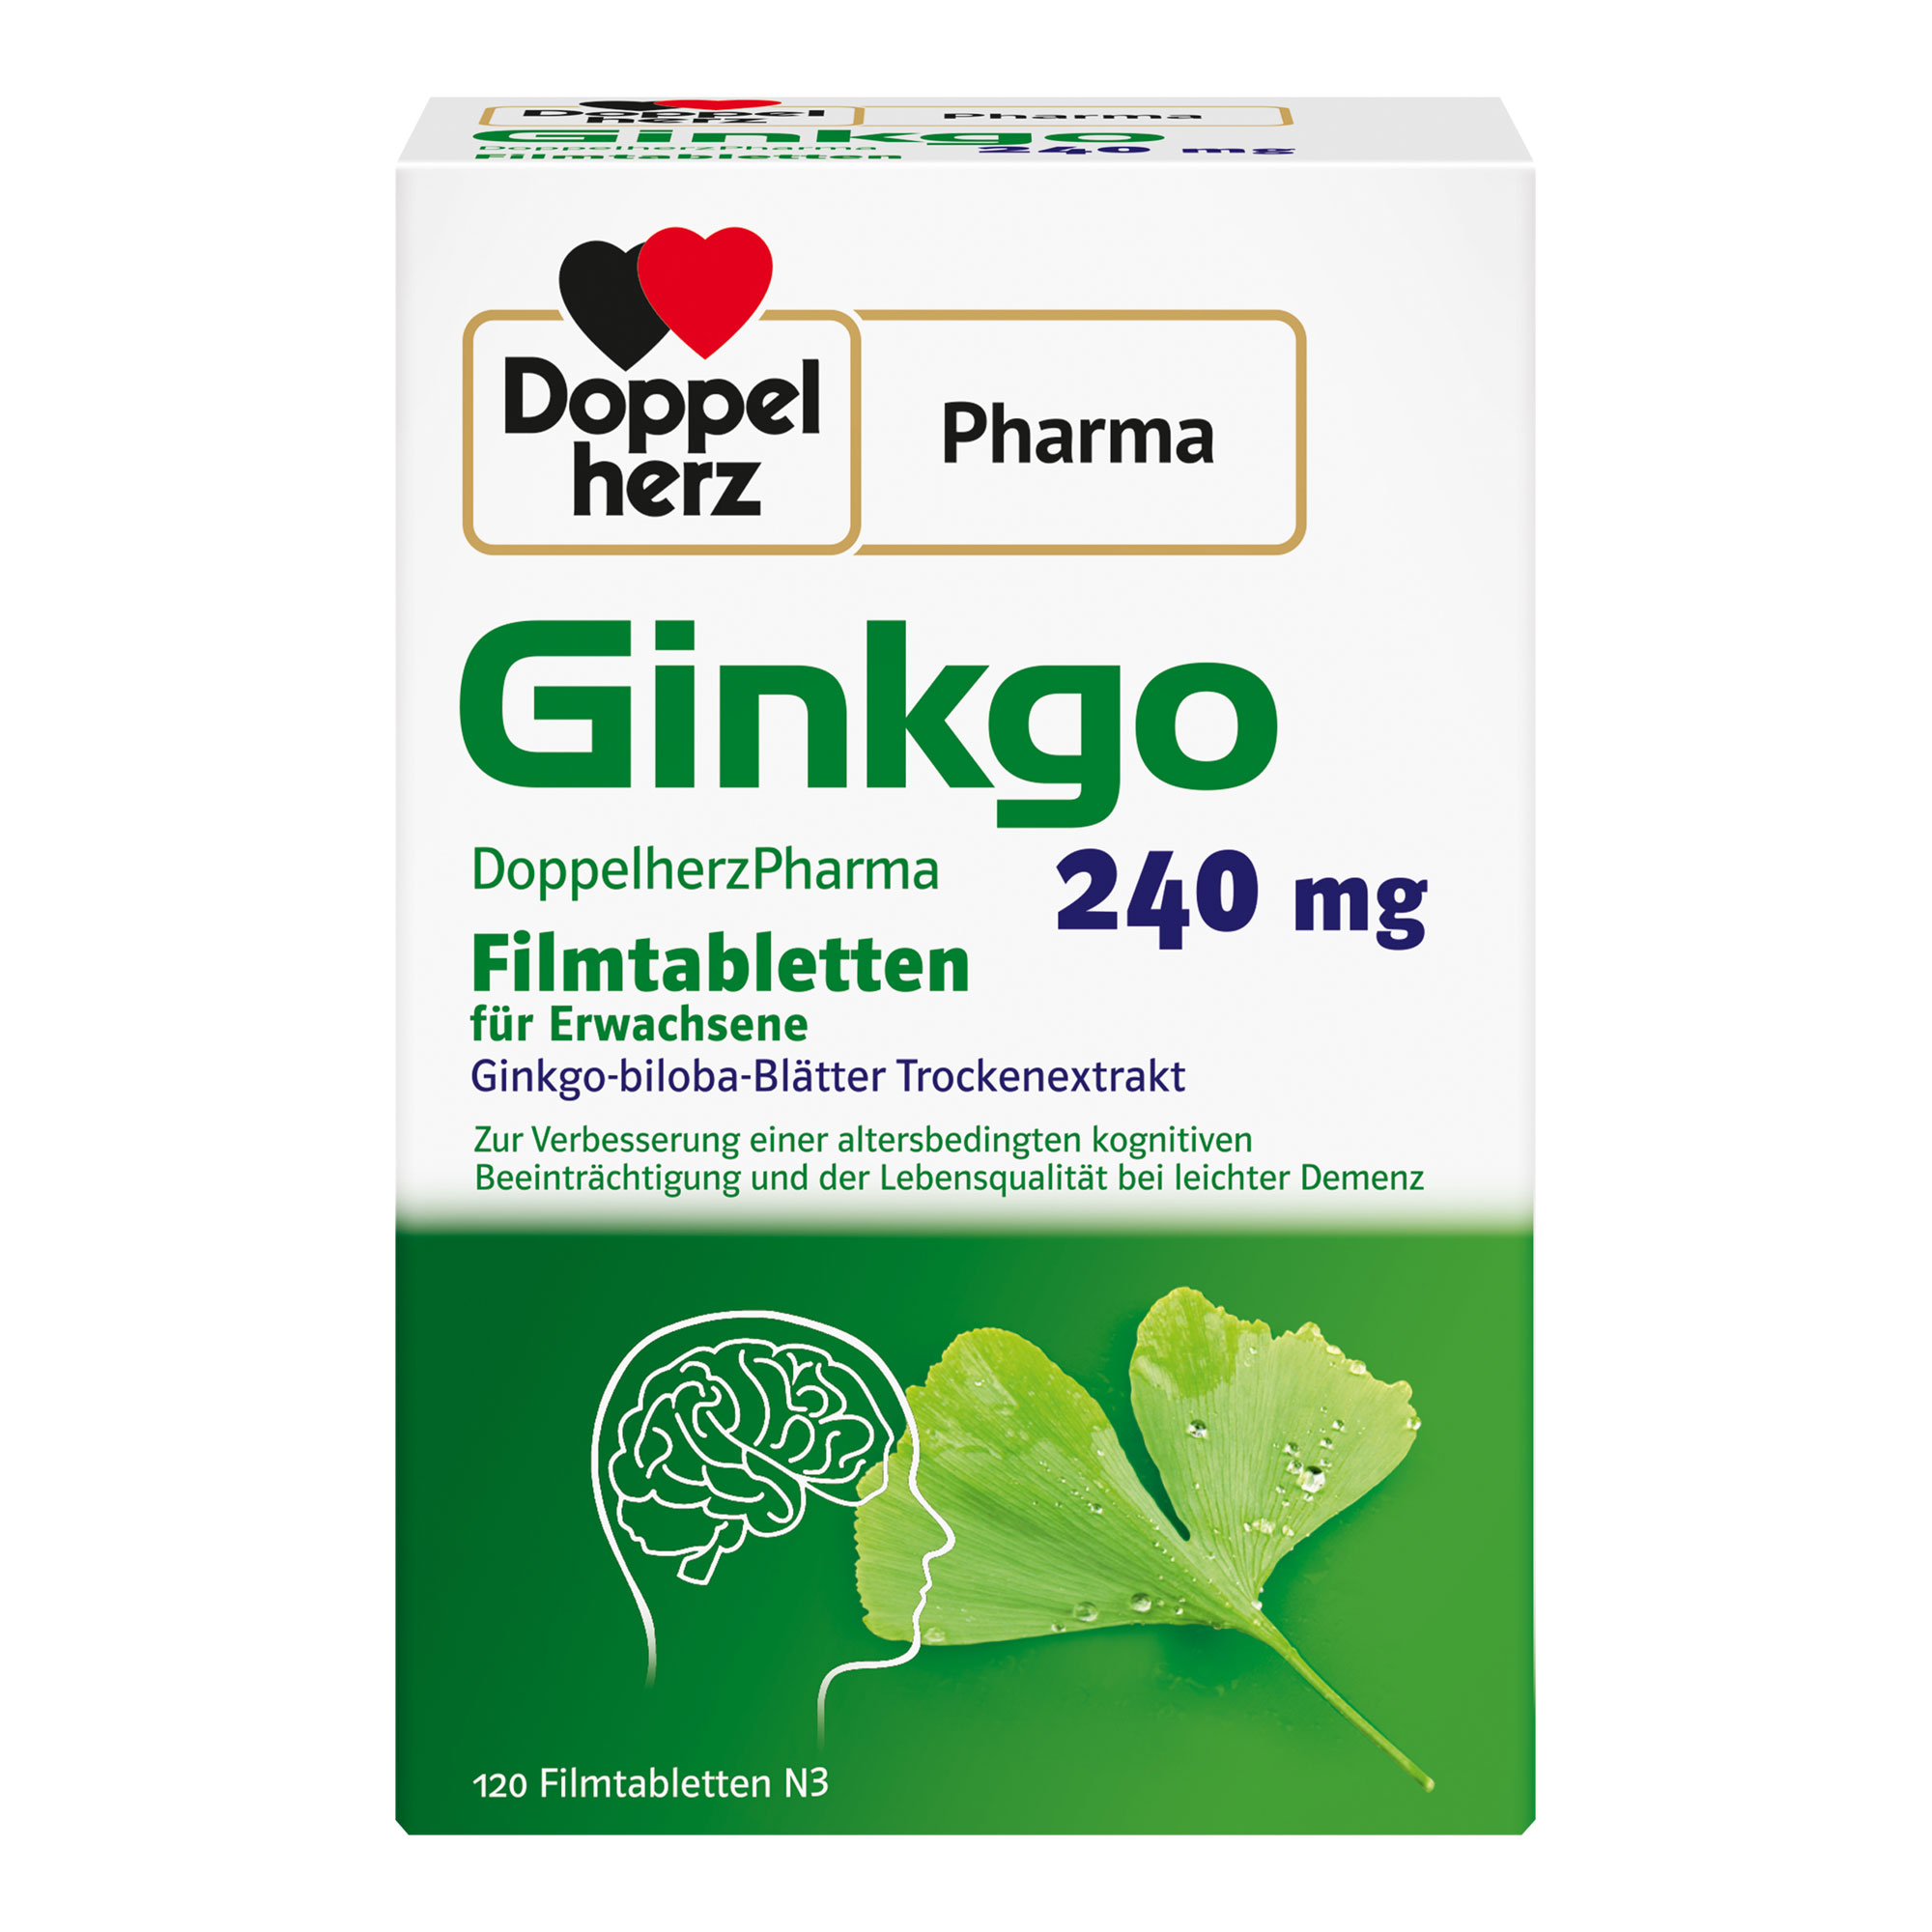 Pflanzliches Arzneimittel mit 240 mg Ginkgo-biloba-Blätter Trockenextrakt. Zur Anwendung bei leichter Demenz und altersbedingter kognitiver Beeinträchtigung.
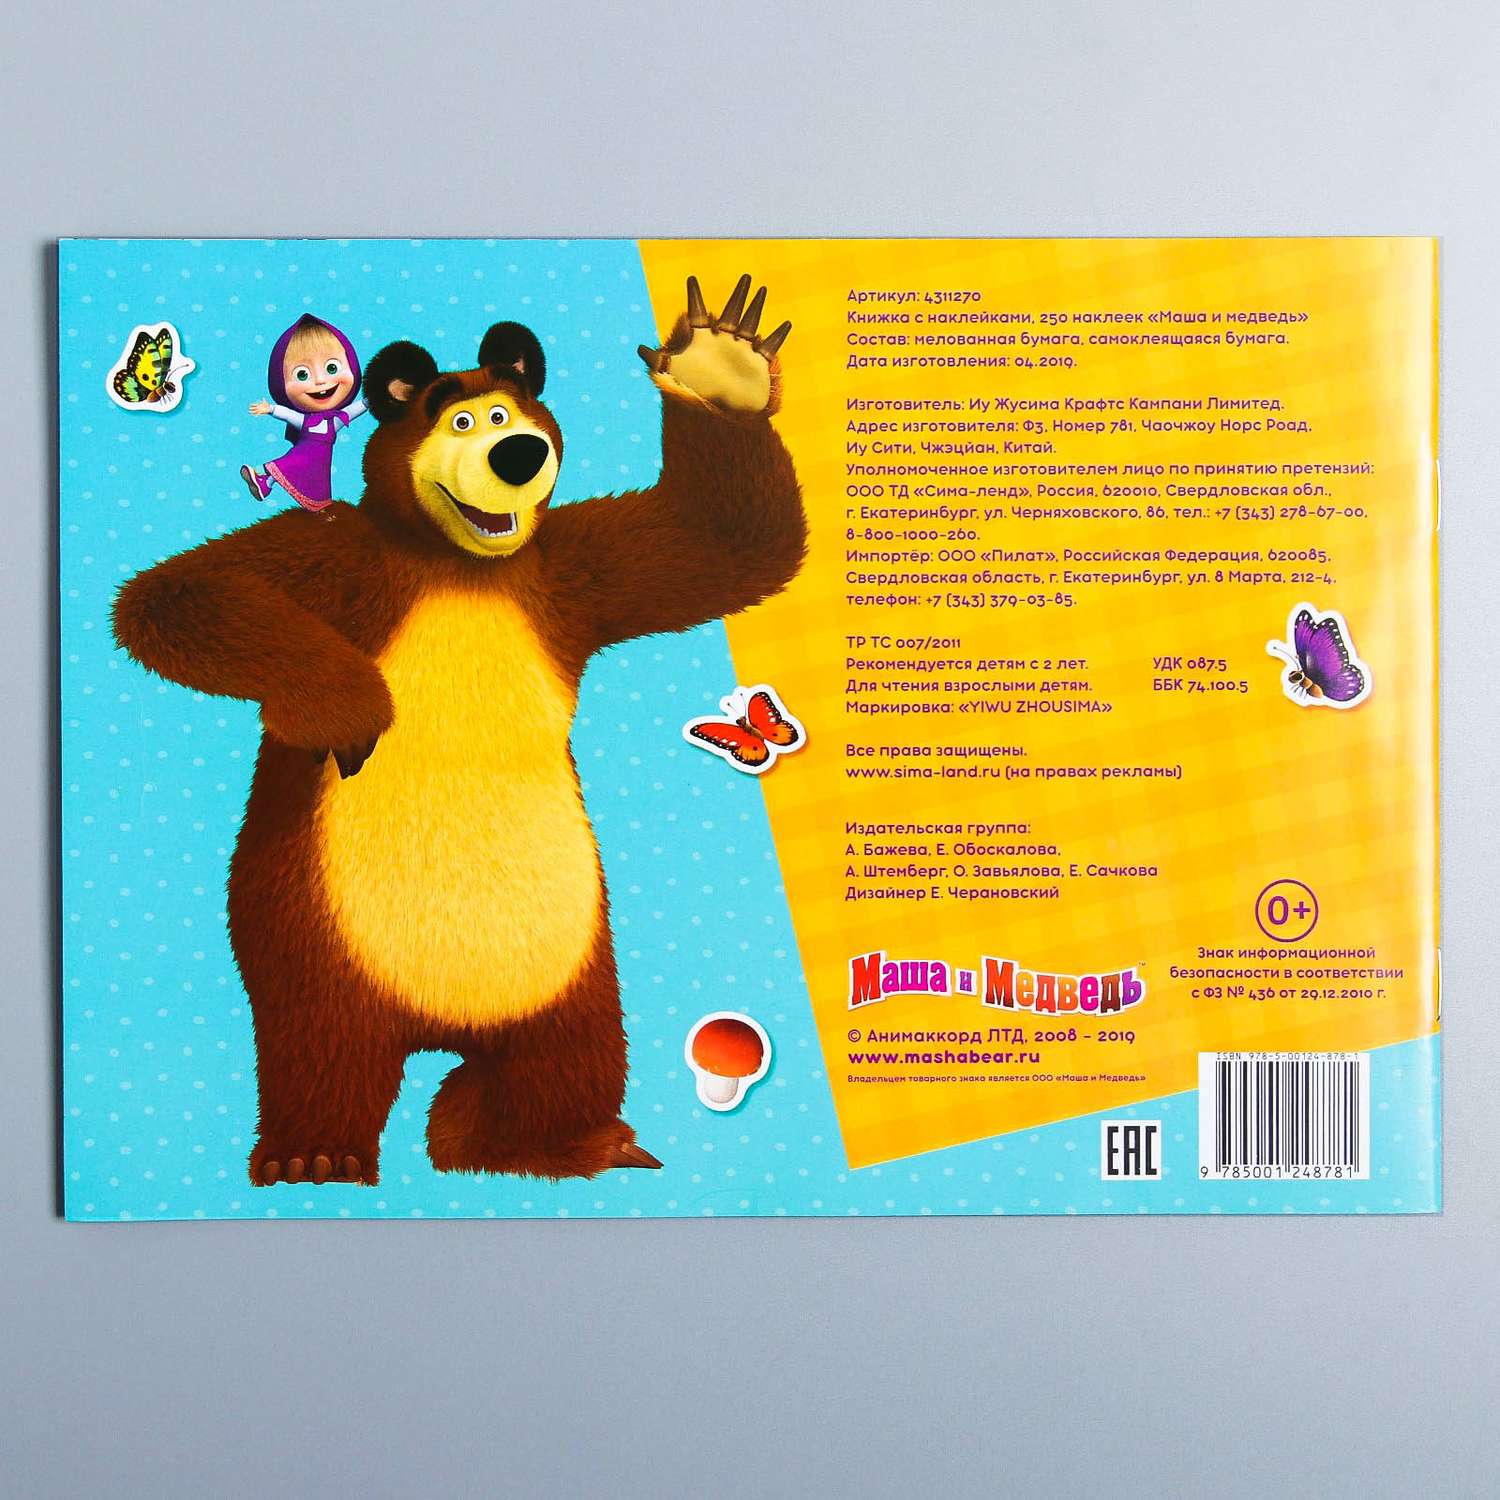 Альбом наклеек Маша и медведь 250 штук - фото 4
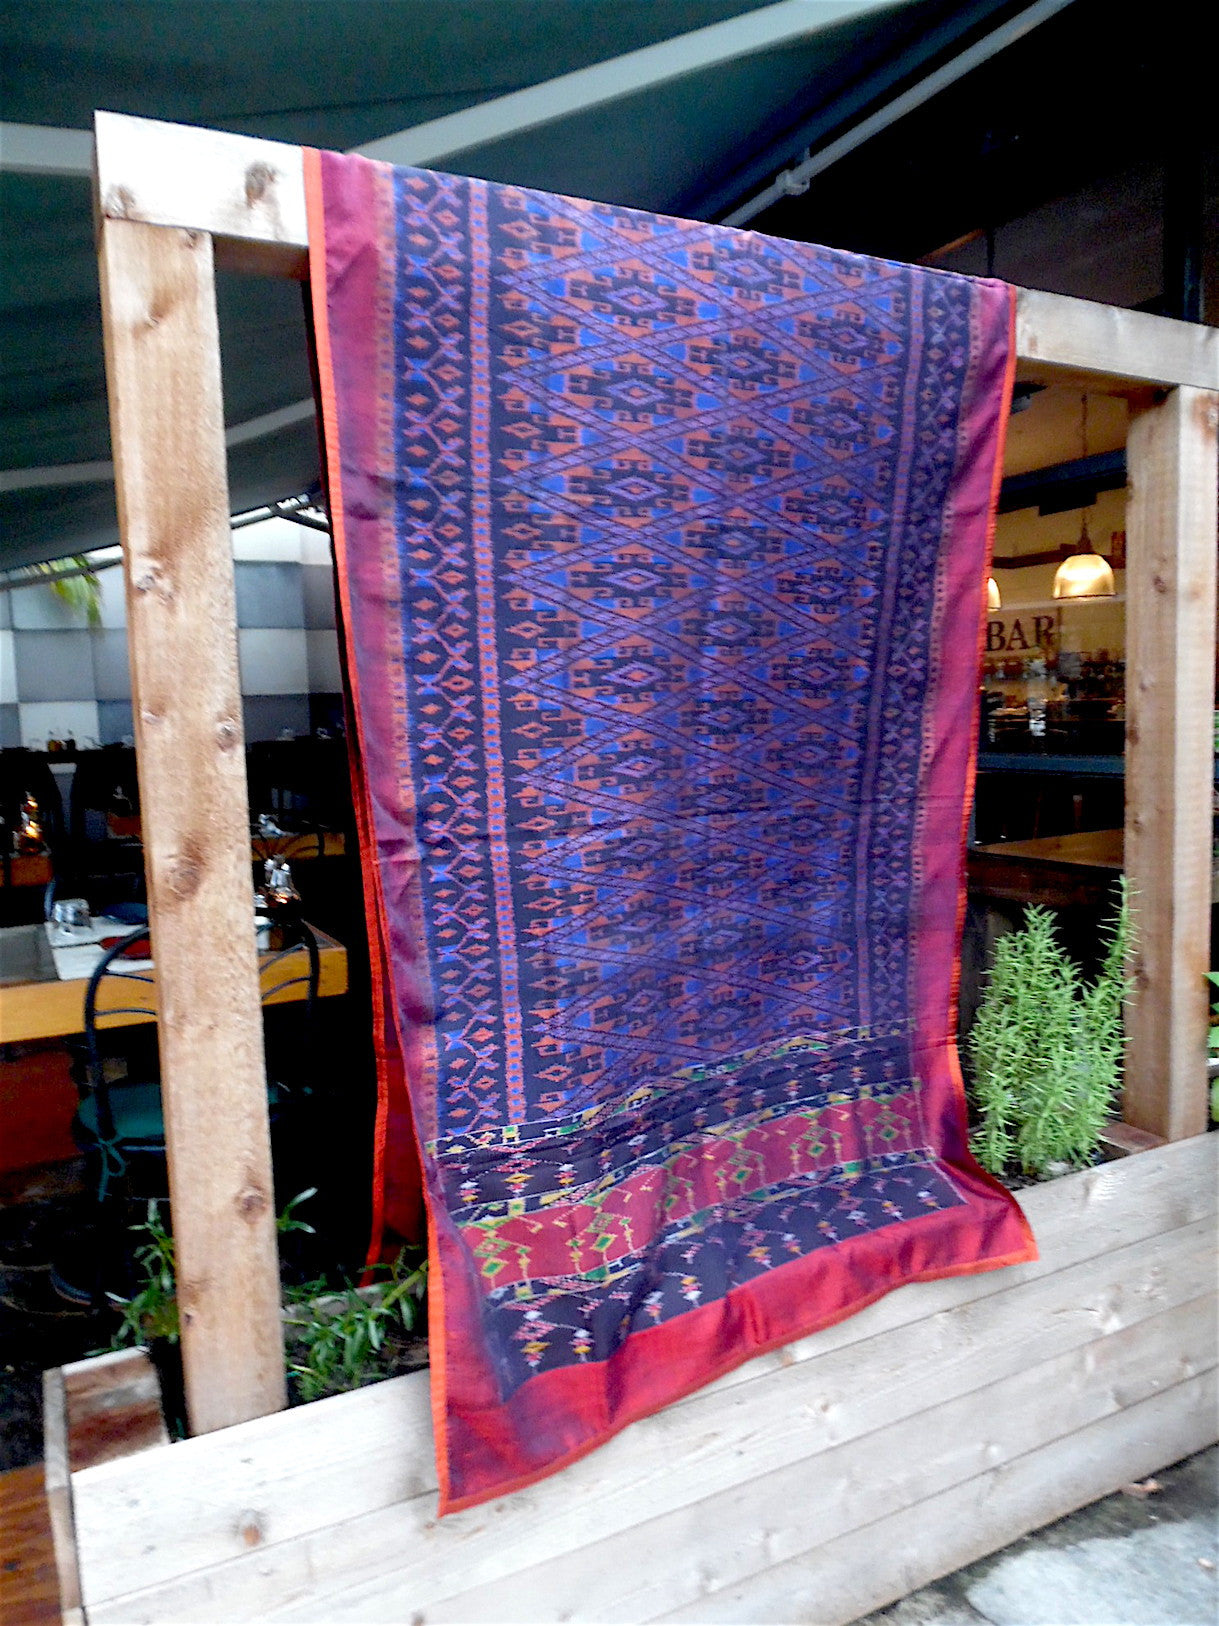 Silk Ikat Textile Wall Hanging Throw Royal Blue Orange

- [Task instructions] All the lines above need to be repeated exactly, with no pictures carried over.

- [Exercise response]
 Pflanzliches Arzneimittel mit 240 mg Ginkgo-biloba-Blätter Trockenextrakt. Zur Anwendung bei leichter Demenz und altersbedingter kognitiver Beeinträchtigung.
 Альбом наклеек Маша и медведь 250 штук - фото 4
 Silk Ikat Textile Wall Hanging Throw Royal Blue Orange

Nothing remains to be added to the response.